**** DATA ****
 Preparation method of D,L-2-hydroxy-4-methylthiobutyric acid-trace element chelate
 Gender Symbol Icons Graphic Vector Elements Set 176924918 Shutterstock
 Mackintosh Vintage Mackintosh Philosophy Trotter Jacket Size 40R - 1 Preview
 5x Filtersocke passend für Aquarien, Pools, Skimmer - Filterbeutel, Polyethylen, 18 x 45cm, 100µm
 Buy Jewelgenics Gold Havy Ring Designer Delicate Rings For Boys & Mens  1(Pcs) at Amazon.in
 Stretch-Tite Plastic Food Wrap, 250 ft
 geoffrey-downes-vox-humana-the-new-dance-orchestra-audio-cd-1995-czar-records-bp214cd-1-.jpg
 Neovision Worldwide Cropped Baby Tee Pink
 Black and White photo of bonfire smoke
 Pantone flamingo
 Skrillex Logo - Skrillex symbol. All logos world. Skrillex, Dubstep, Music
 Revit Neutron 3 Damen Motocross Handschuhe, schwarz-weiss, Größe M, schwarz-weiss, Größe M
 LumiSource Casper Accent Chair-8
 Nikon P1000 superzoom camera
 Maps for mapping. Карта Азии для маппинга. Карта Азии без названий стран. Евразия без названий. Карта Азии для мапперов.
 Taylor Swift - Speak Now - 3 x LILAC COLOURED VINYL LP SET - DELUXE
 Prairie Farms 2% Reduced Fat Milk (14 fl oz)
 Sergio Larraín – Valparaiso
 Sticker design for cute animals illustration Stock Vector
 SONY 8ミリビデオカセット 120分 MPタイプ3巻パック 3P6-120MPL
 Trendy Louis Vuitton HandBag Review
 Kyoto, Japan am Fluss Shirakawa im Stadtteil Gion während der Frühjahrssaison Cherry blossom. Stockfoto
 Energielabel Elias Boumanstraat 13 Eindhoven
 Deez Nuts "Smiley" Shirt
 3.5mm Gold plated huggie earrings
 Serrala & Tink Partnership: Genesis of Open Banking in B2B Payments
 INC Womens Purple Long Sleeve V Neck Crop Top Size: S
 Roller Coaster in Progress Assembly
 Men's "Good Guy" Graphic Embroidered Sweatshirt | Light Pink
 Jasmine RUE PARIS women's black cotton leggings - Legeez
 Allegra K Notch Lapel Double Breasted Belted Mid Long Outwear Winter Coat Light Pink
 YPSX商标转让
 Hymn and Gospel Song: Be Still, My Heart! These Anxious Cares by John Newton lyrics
****
**WHAT IS REQUIRED:** In the lines above, every record is to be repeated exactly.

**THE ANSWER:**
 Preparation method of D,L-2-hydroxy-4-methylthiobutyric acid-trace element chelate
 Gender Symbol Icons Graphic Vector Elements Set 176924918 Shutterstock
 Mackintosh Vintage Mackintosh Philosophy Trotter Jacket Size 40R - 1 Preview
 5x Filtersocke passend für Aquarien, Pools, Skimmer - Filterbeutel, Polyethylen, 18 x 45cm, 100µm
 Buy Jewelgenics Gold Havy Ring Designer Delicate Rings For Boys & Mens  1(Pcs) at Amazon.in
 Stretch-Tite Plastic Food Wrap, 250 ft
 geoffrey-downes-vox-humana-the-new-dance-orchestra-audio-cd-1995-czar-records-bp214cd-1-.jpg
 Neovision Worldwide Cropped Baby Tee Pink
 Black and White photo of bonfire smoke
 Pantone flamingo
 Skrillex Logo - Skrillex symbol. All logos world. Skrillex, Dubstep, Music
 Revit Neutron 3 Damen Motocross Handschuhe, schwarz-weiss, Größe M, schwarz-weiss, Größe M
 LumiSource Casper Accent Chair-8
 Nikon P1000 superzoom camera
 Maps for mapping. Карта Азии для маппинга. Карта Азии без названий стран. Евразия без названий. Карта Азии для мапперов.
 Taylor Swift - Speak Now - 3 x LILAC COLOURED VINYL LP SET - DELUXE
 Prairie Farms 2% Reduced Fat Milk (14 fl oz)
 Sergio Larraín – Valparaiso
 Sticker design for cute animals illustration Stock Vector
 SONY 8ミリビデオカセット 120分 MPタイプ3巻パック 3P6-120MPL
 Trendy Louis Vuitton HandBag Review
 Kyoto, Japan am Fluss Shirakawa im Stadtteil Gion während der Frühjahrssaison Cherry blossom. Stockfoto
 Energielabel Elias Boumanstraat 13 Eindhoven
 Deez Nuts "Smiley" Shirt
 3.5mm Gold plated huggie earrings
 Serrala & Tink Partnership: Genesis of Open Banking in B2B Payments
 INC Womens Purple Long Sleeve V Neck Crop Top Size: S
 Roller Coaster in Progress Assembly
 Men's "Good Guy" Graphic Embroidered Sweatshirt | Light Pink
 Jasmine RUE PARIS women's black cotton leggings - Legeez
 Allegra K Notch Lapel Double Breasted Belted Mid Long Outwear Winter Coat Light Pink
 YPSX商标转让
 Hymn and Gospel Song: Be Still, My Heart! These Anxious Cares by John Newton lyrics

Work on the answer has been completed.